On Monday, the US will ratchet up its brutal and merciless economic war against Iran, raising sanctions to a new level. The Trump administration has said its goal is to reduce Iranian oil exports to zero, although waivers were being negotiated with some countries.
Such a move could bankrupt Iran and destroy the government’s ability to deliver public services, fomenting popular rebellion.
John Bolton, President Donald Trump’s national security adviser, has been clear about the logic behind this: he wants to install a new government friendly to the US. He spelled out these plans to the opposition group Mujahedin-e-Khalq (MEK) at a Paris conference last year, although he has subsequently backtracked, saying regime change is “not American policy”.
Beset by contradictions
The US is not simply intent on waging an economic war, but also wants to build up a military and strategic coalition against Iran. This seems to have been the most important item on the agenda of last week’s Manama dialogue in Bahrain, where US Defence Secretary James Mattis took aim at Iran.
Mattis is keen on the creation of a what amounts to an Arab NATO built around a regional network of Sunni Arab states in the shape of the emerging Middle East Strategic Alliance, potentially including Benjamin Netanyahu’s Israel. The primary outside backers would be the US, France and Britain.

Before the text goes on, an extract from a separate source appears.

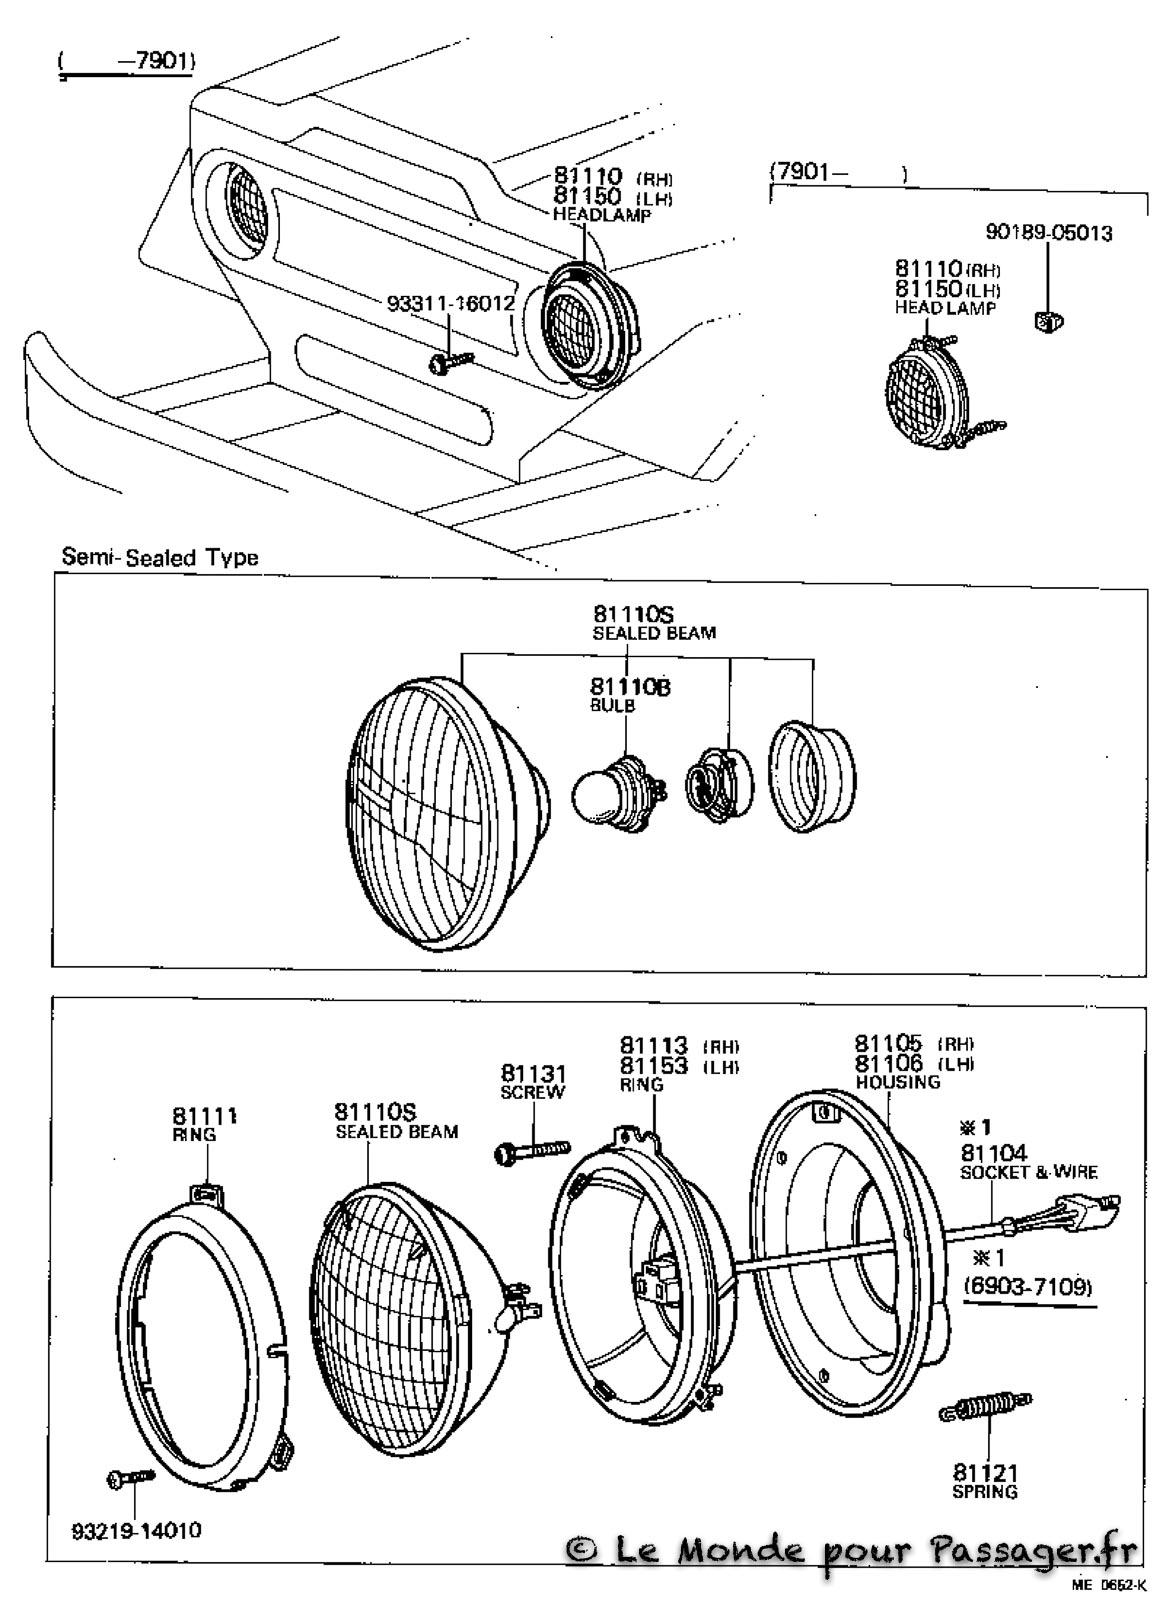 Fj55-Eclatés-Techniques071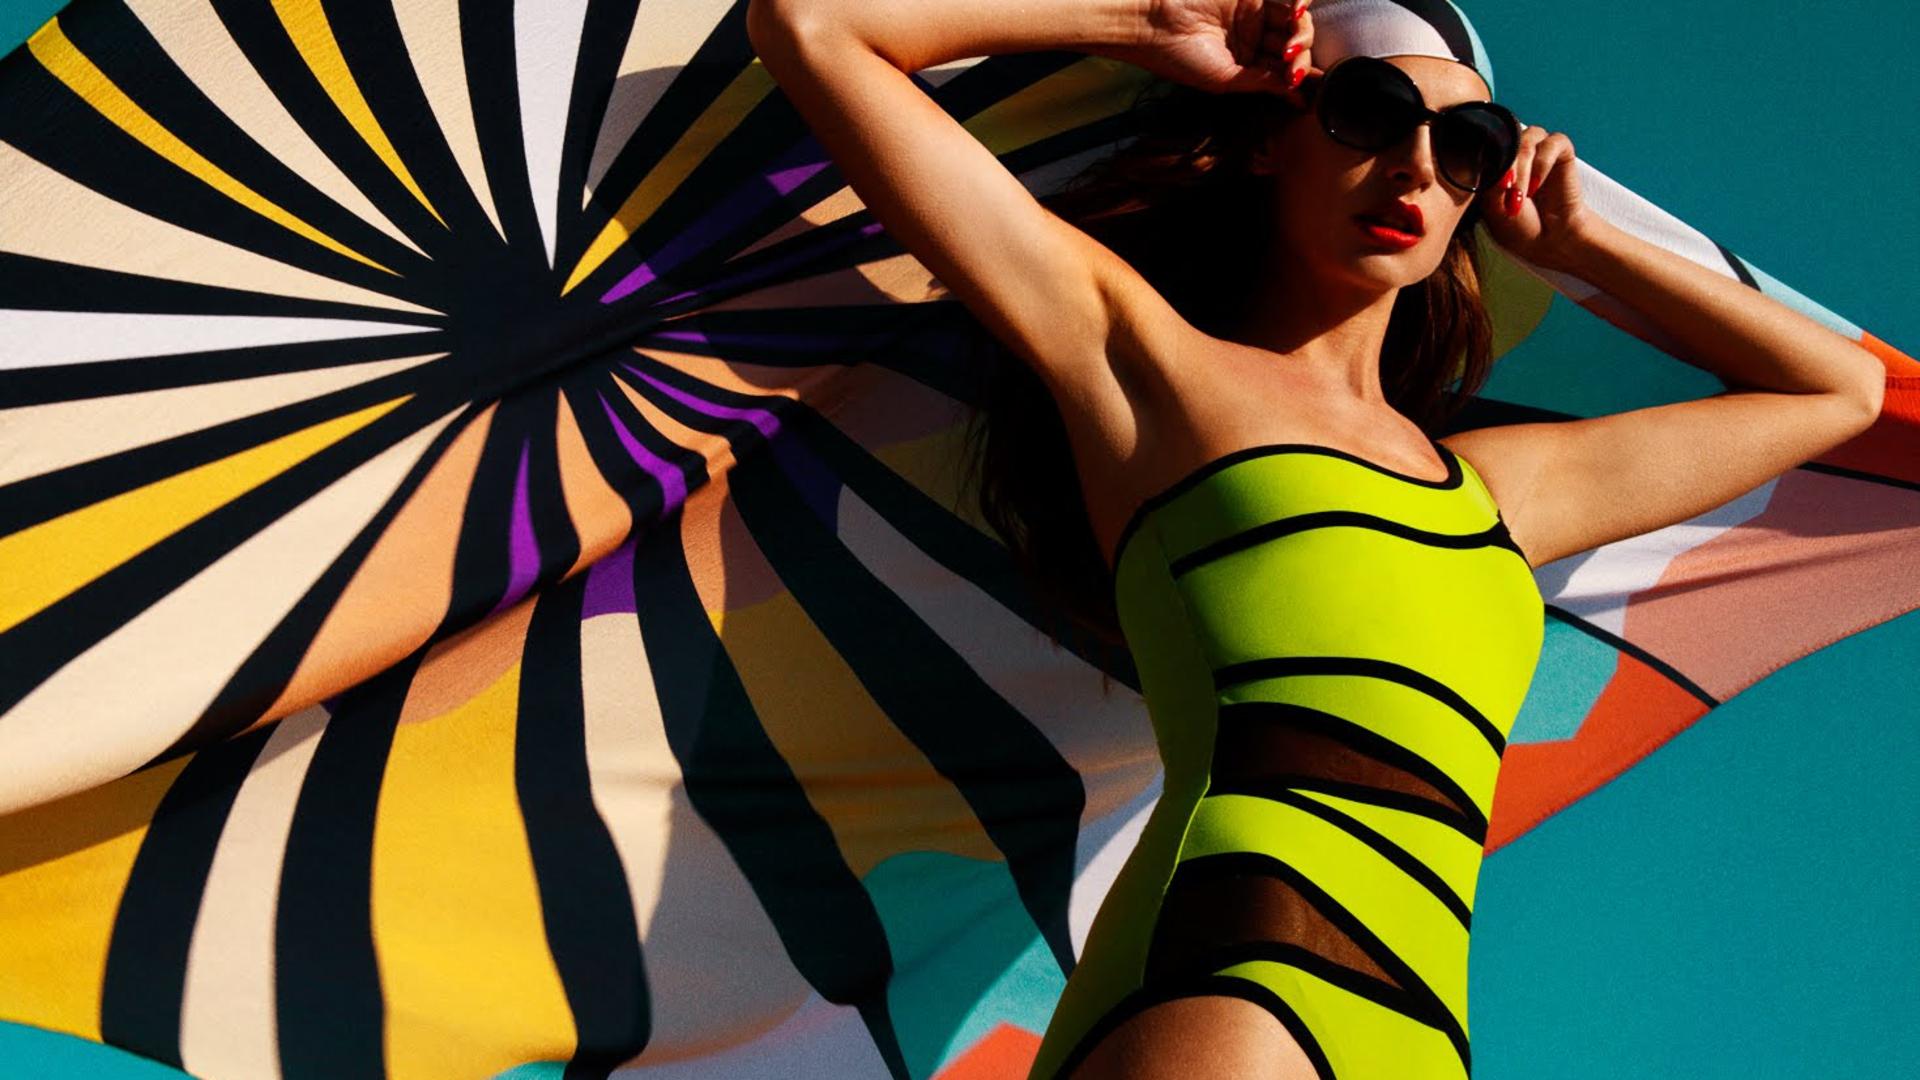 summer-fashion-girls-fashion-backgrounds-fashion-girls-summer-26057

But this twin-pronged military-economic strategy is doomed to failure, and will likely end in humiliation for the US. In the medium term, it will backfire; the US and its allies will lose influence, while Iran will gain confidence and power. In the worst case scenario, it will result in a war whose consequences will be incalculable.
For starters, Trump’s sanctions policy is beset by contradictions. It will not and cannot work, because the US will be unable to isolate Iran in the way it hopes to.
The problem was set out clearly in an excellent article by Gardiner Harris in the New York Times earlier this week, which noted that China and India, the largest buyers of Iranian oil, will continue to make substantial purchases. Turkey and Russia are likely to do the same, which is not much of a surprise.
Much more remarkable, France and Germany, as well as Britain, have expressed their intention to continue to do business with Iran in defiance of US will. They are looking at the creation of a “special purpose vehicle” that would enable them to continue trading with Iran independently of the US dollar.
The case of China, the largest buyer of Iranian oil, is yet more important. While it is true that two large state Chinese oil companies have halted purchases from Iran, China is virtually certain to continue purchasing large amounts of oil.
The option is open to Trump to raise the stakes and punish China through sanctions or other means, but even he likely lacks the appetite to open up an economic war on a second front.
The same consideration applies to Narendra Modi’s India, which has infuriated the US by continuing to buy Iranian oil. Does Trump truly want to turn India into an enemy?
All of this means that the Trump administration has made an epic miscalculation. Trump thinks that he can take the international community with him as he embarks on his economic war against Iran. He can’t – and this spells mortal danger for the US. Trump is playing for very high stakes; if he loses, much of the global power of the US will collapse.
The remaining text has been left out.